---------- SUPPLIED DATA ----------

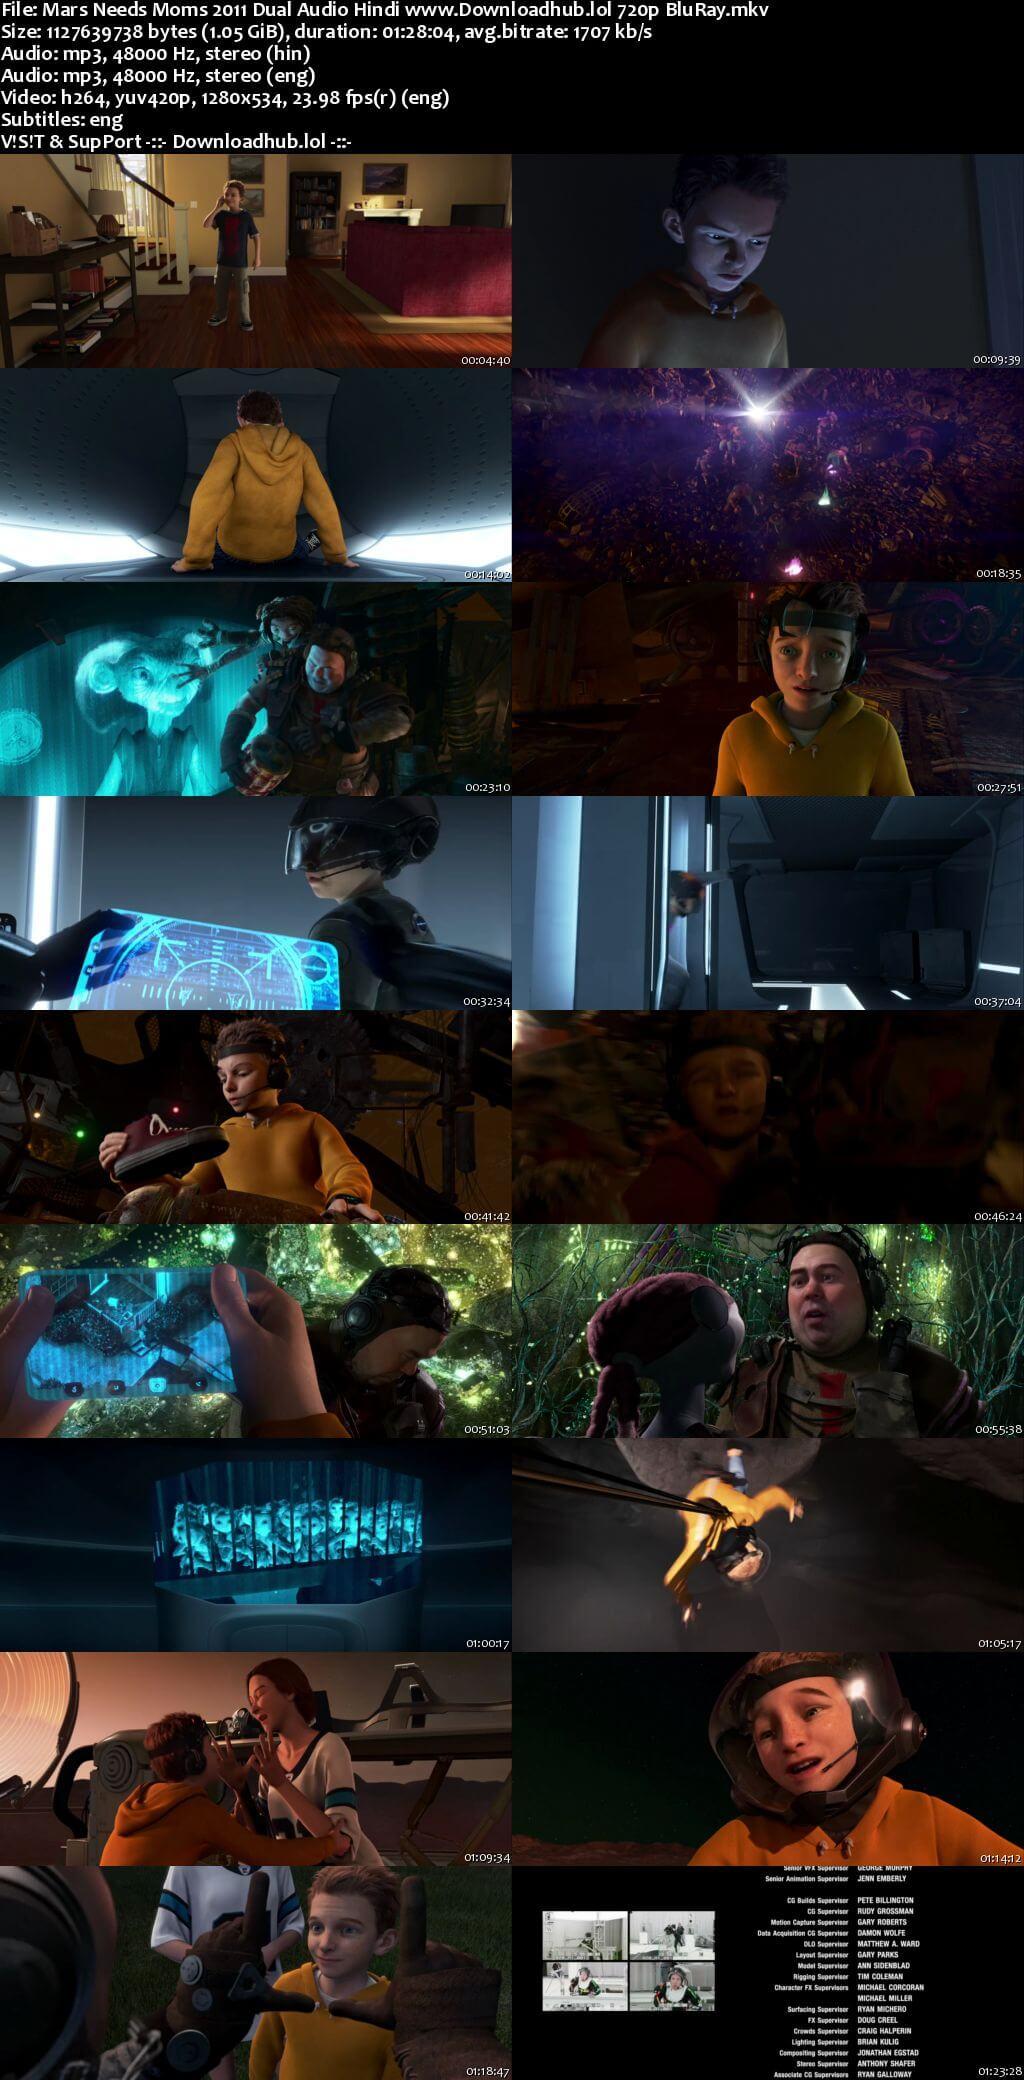 Mars Needs Moms 2011 Hindi Dual Audio 720p BluRay ESubs
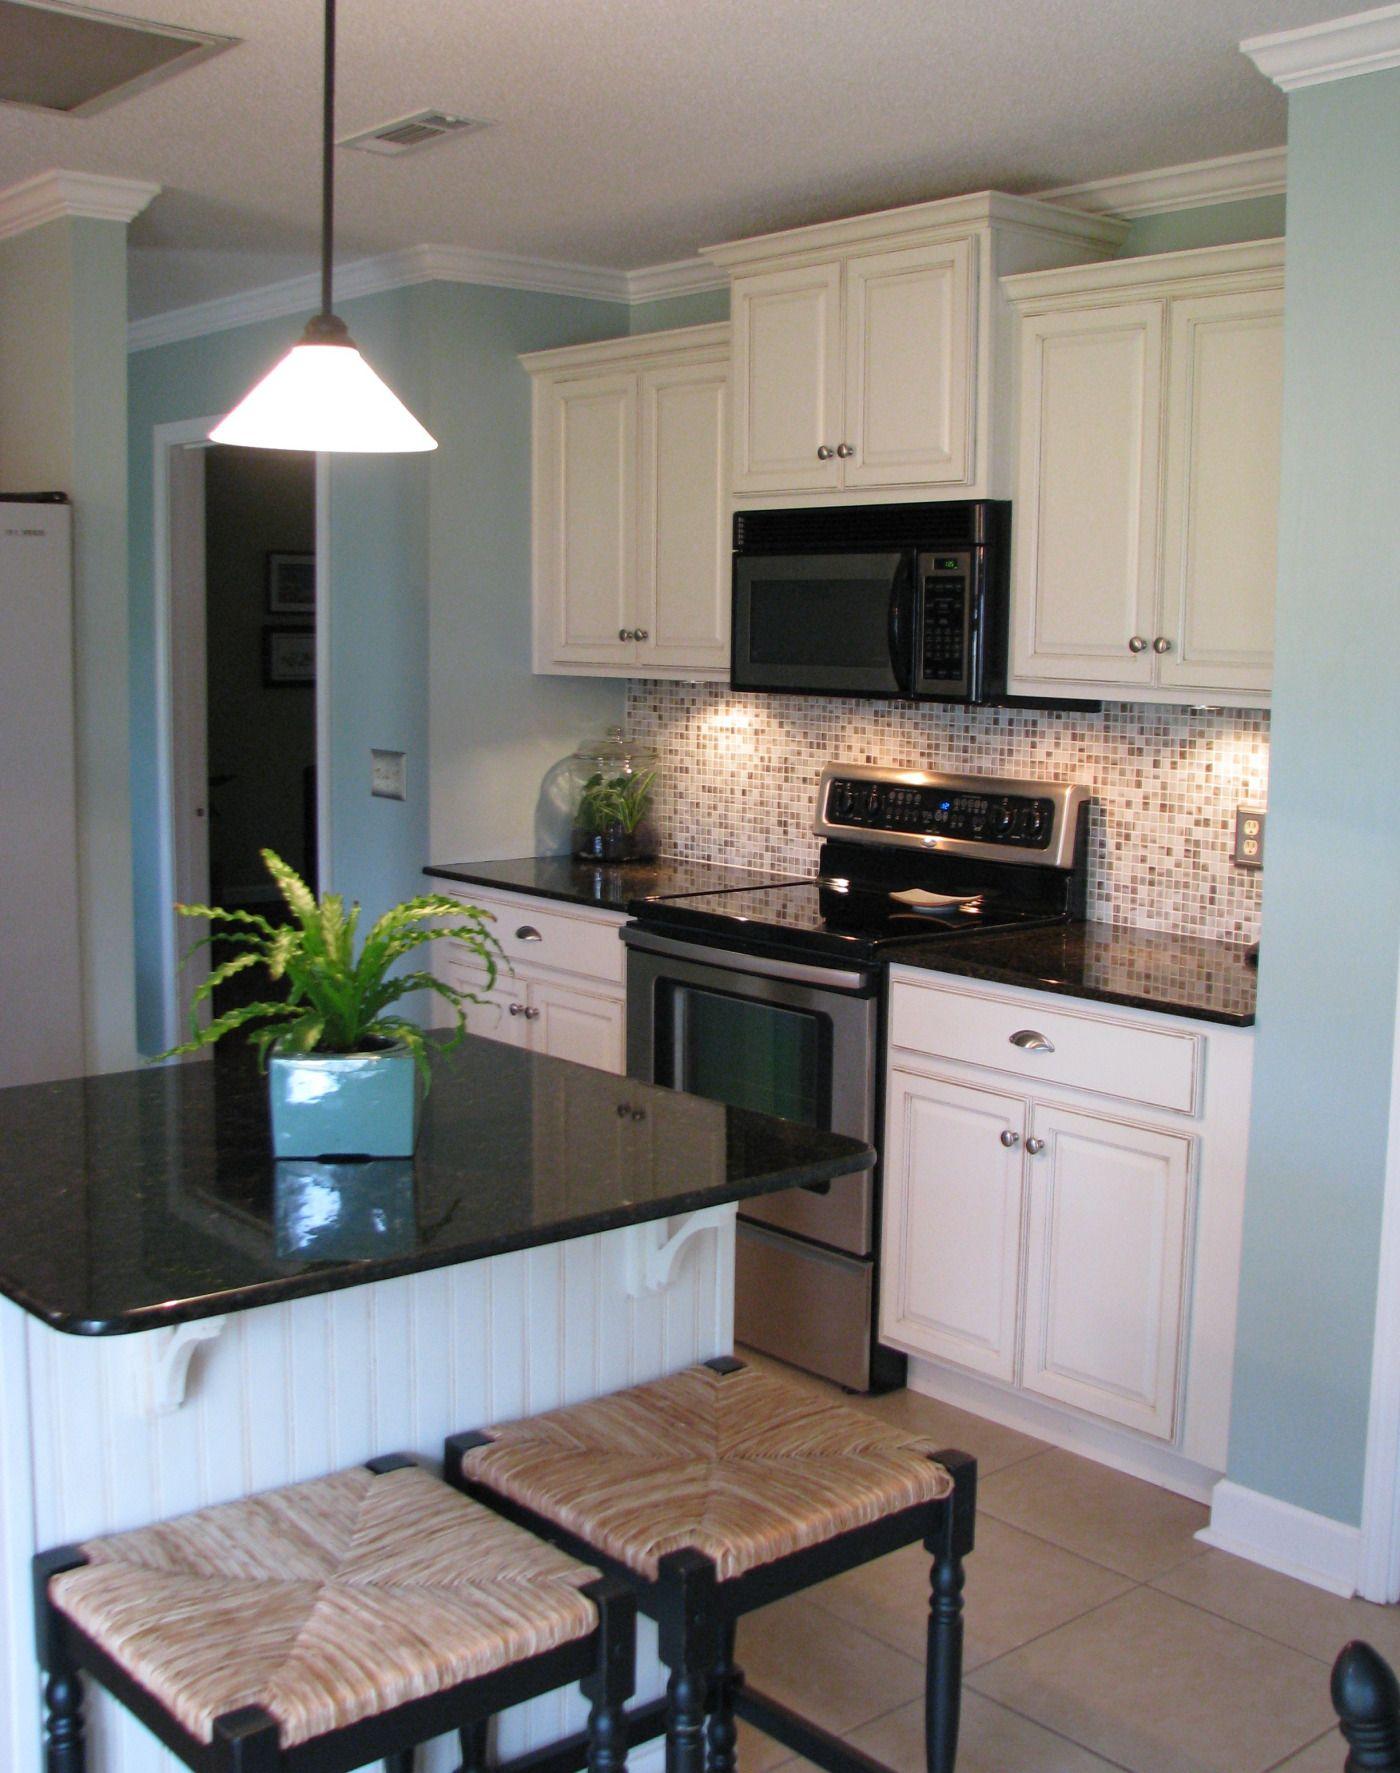 Kitchen Remodel For 5 000 Design Och Inspiration
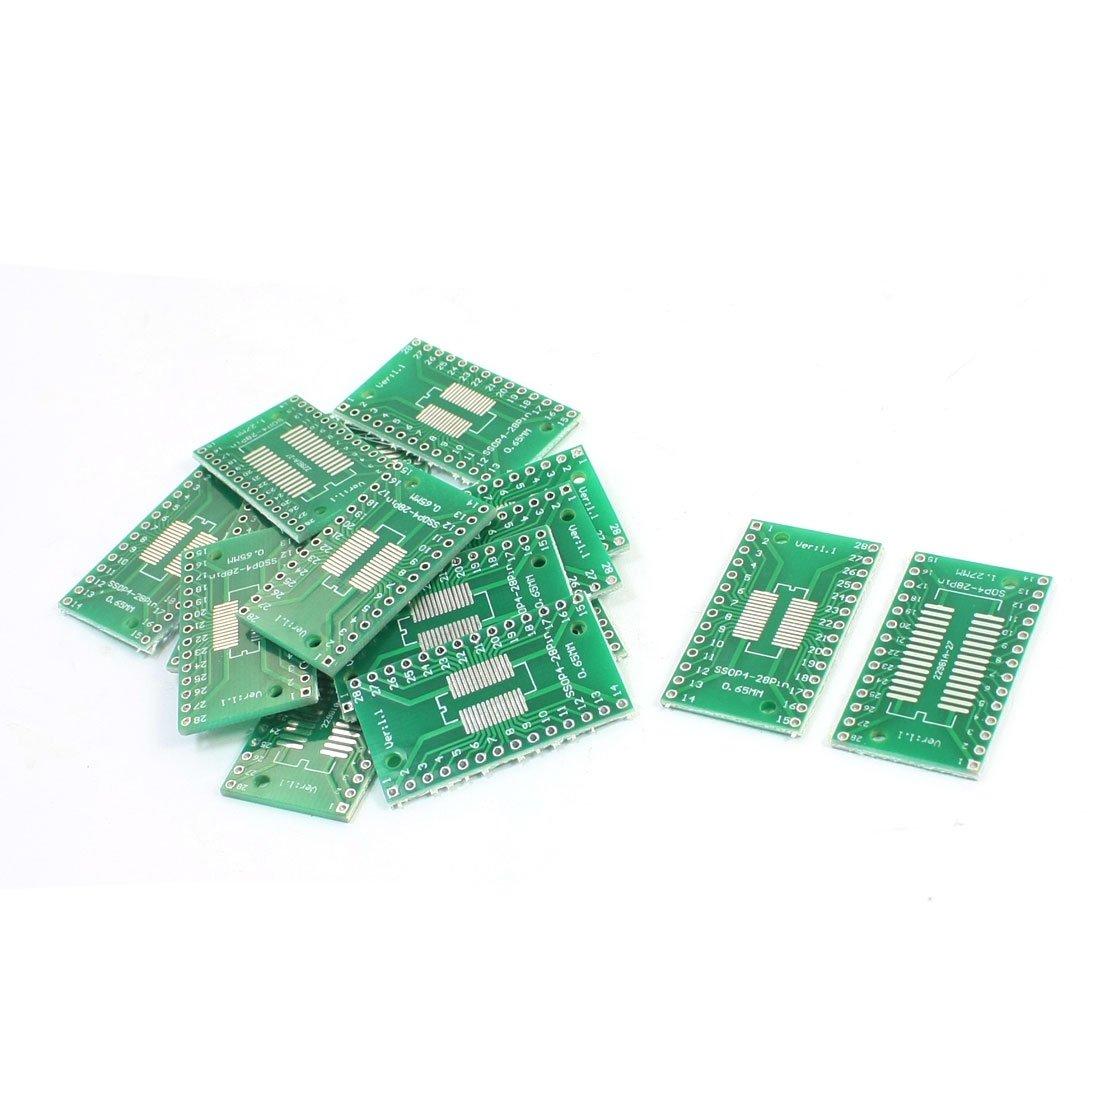 15PCS SMD SOP28 SSOP28 TSSOP28 0.65mm 1.27mm to DIP 2.54mm PCB Adapter uxcell a14062100ux0256
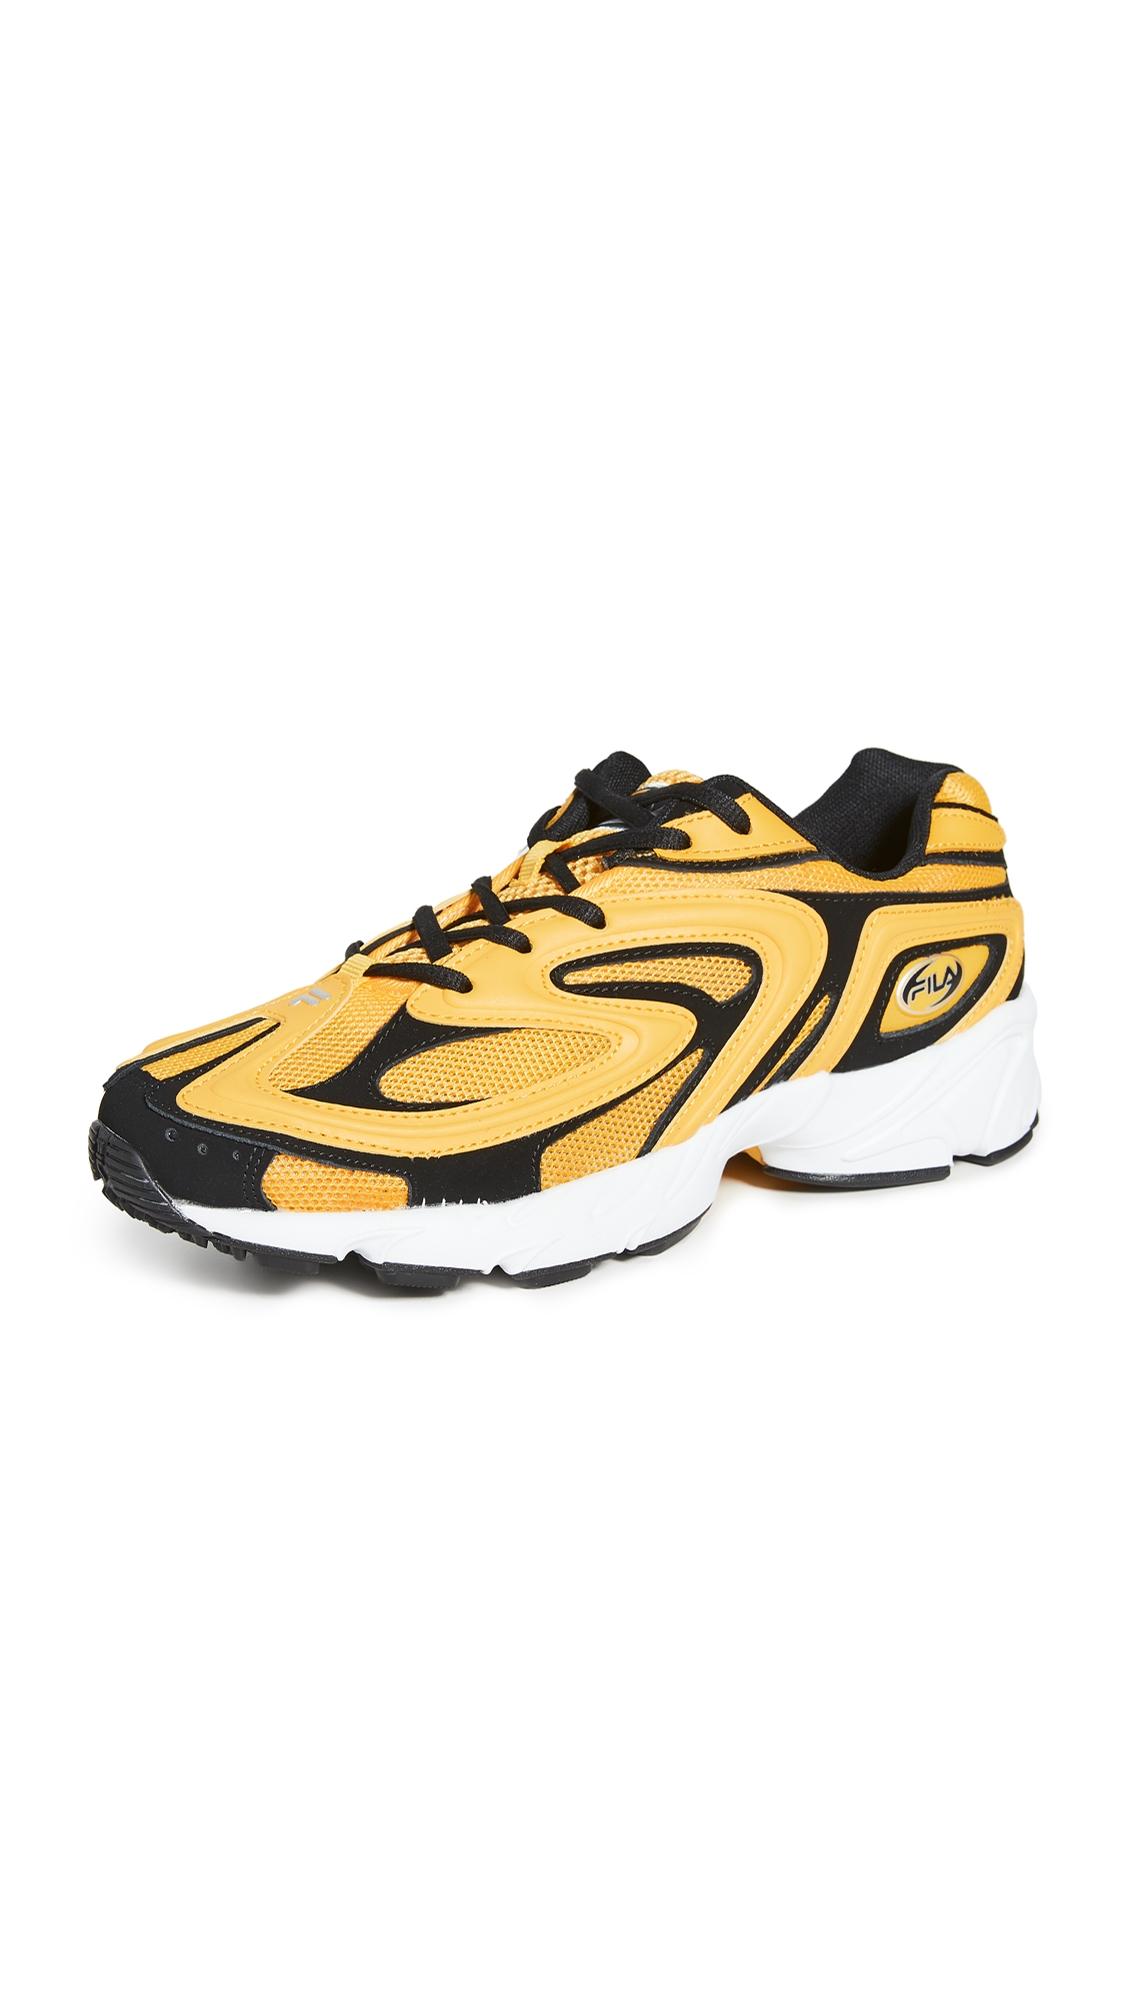 Fila Sneakers CREATOR SNEAKERS

----------

Quote the material word for word, dropping any images it holds.

 Mars Needs Moms 2011 Hindi Dual Audio 720p BluRay ESubs
 Kitchen Remodel For 5 000 Design Och Inspiration
 15PCS SMD SOP28 SSOP28 TSSOP28 0.65mm 1.27mm to DIP 2.54mm PCB Adapter uxcell a14062100ux0256
 Fila Sneakers CREATOR SNEAKERS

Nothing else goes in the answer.